Book Review Wednesday: The Passport

The Passport (Masks)The Passport by Herta Müller

My rating: 4 of 5 stars

This is the first book in my “Read all the Nobel for Literature authors” challenge. Herta Muller won the 2009 Nobel Prize, and this was the first book that came up in the library search, so The Passport it is!

When I started this book, I had two immediate thoughts.

1. This is definitely the work of an award winning writer. (This is not to say I liked it, merely that I could tell it would be appealing to an awarding body much in the same way that I can tell that, even though I enjoy Stephen King more, I doubt he will win the Nobel Prize.)

2. I wish I could read this in the original German, for I fear it may lose something in translation.

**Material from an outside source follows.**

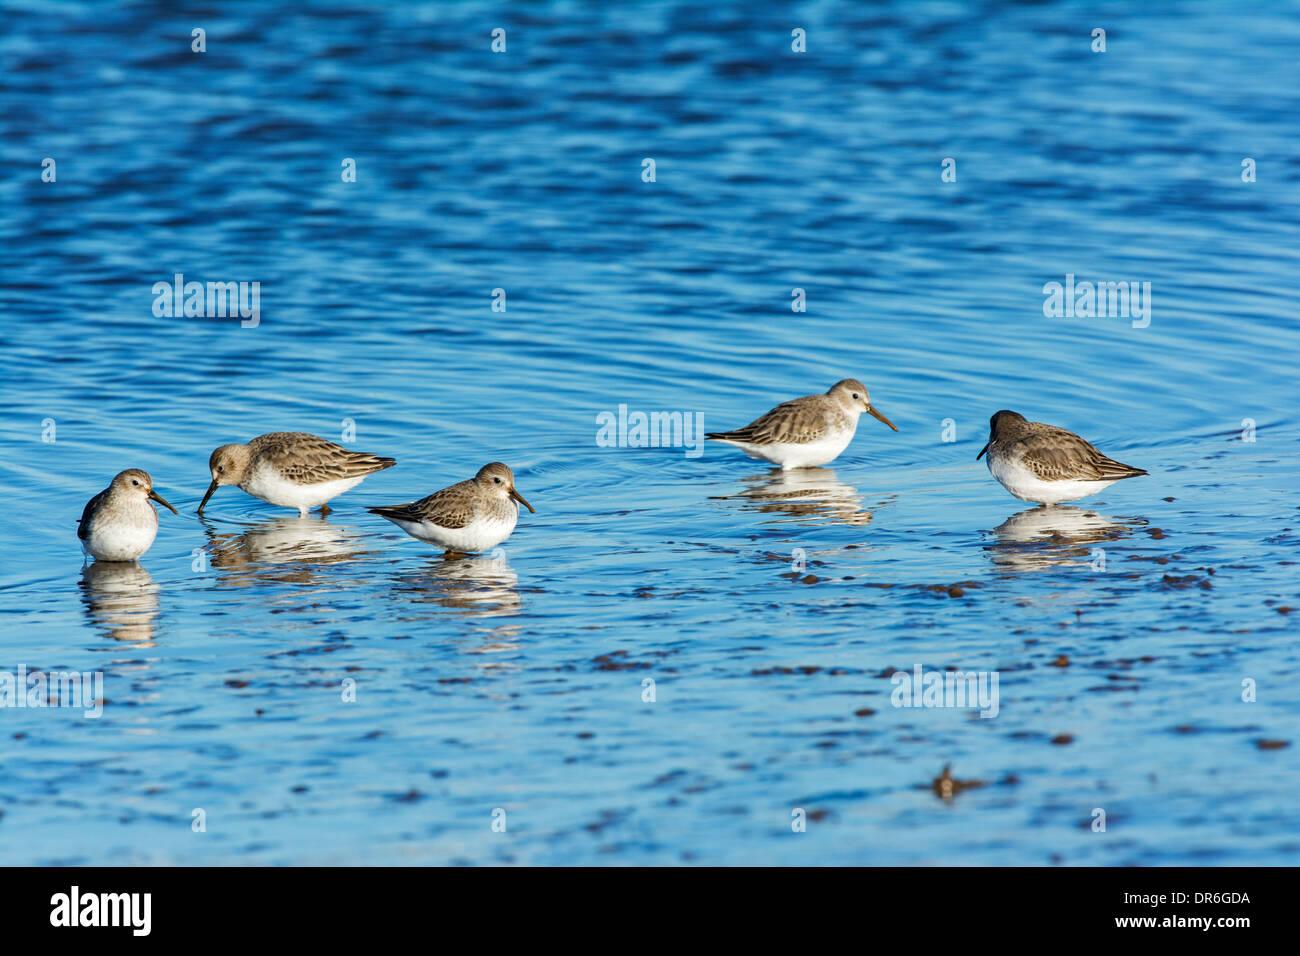 Dunlin (Calidris alpina), feeding on tidal mudflats, Stock Photo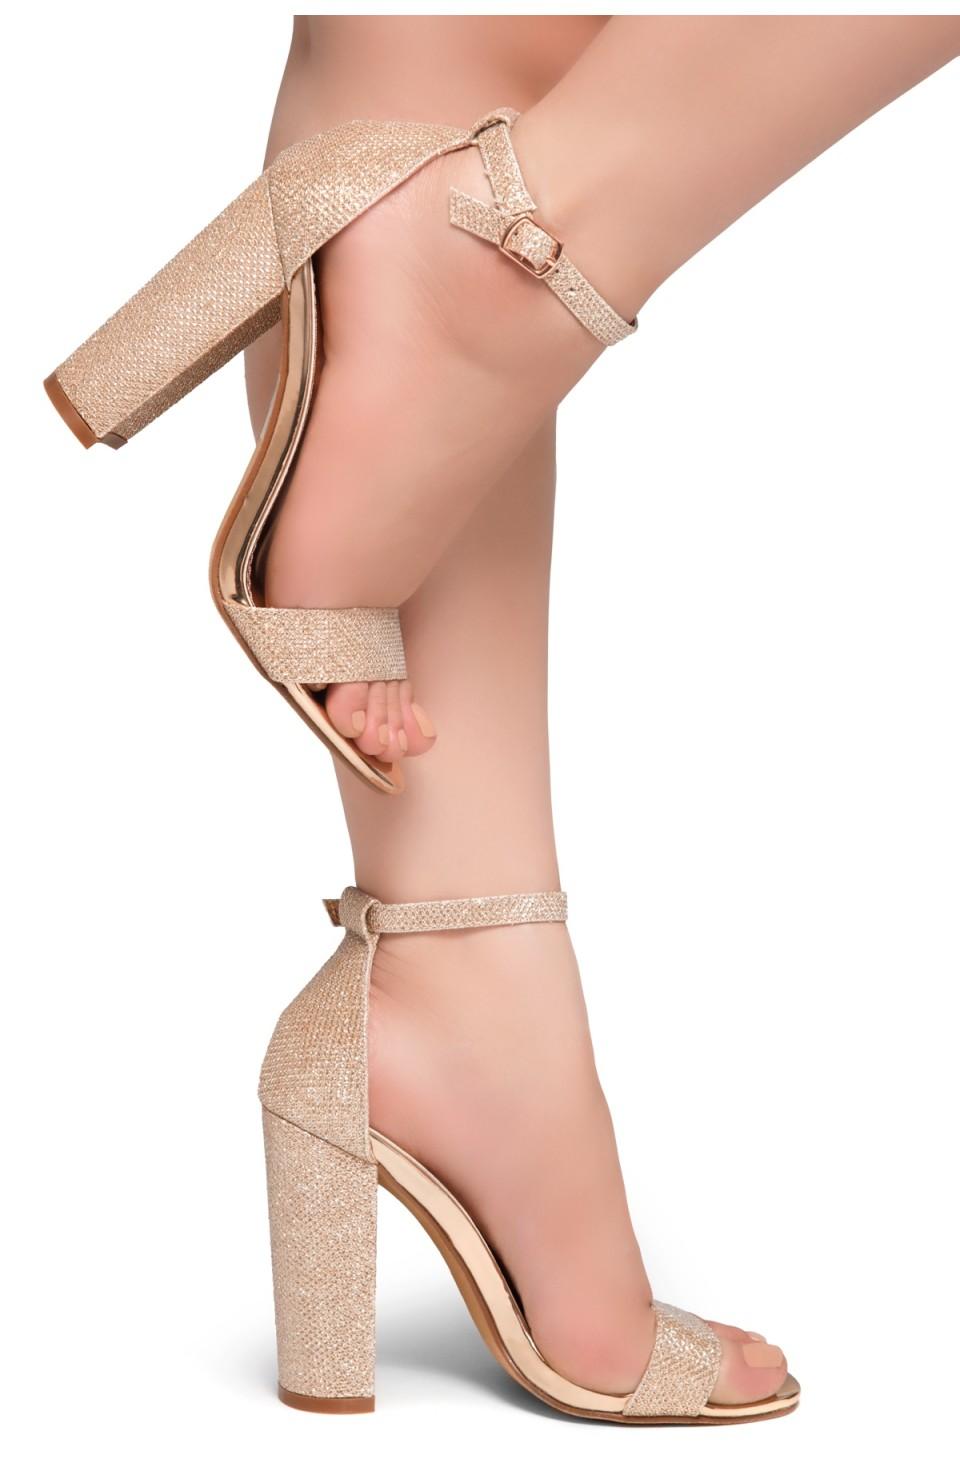 HerStyle Rosemmina Open Toe Ankle Strap Chunky Heel (RoseGold Shimmer)

Alas, since I can only read about 20 words in German (and my knowledge of counting to ten and random exclamations [Bitte! Gesundheit! Machen sie schnell!]), I am stuck with the English translation.

This is a heart-wrenching book, set in a German village in Romania after WWII. Communism is new, Ceausescu is the chief Comrade (or whatever), and those who were young during the war (and survived it) are now approaching middle age.

The main character, Windisch (the miller), and his family (like so many others in the village) are waiting for passports to emigrate to West Germany. This is the story of the waiting.

It’s written in very short, choppy sentences which serves to make the reader feel like she cannot quite catch her breath. The relationships between Windisch, his wife, his daughter & the others in the town are also choppy. Everything is rather abrupt.

Overall, a great read, even if a bit on the depressing side…I did find it a bit hard to follow some of the characters, and the book was so short that by the time I finally figured out who everyone was, it was over.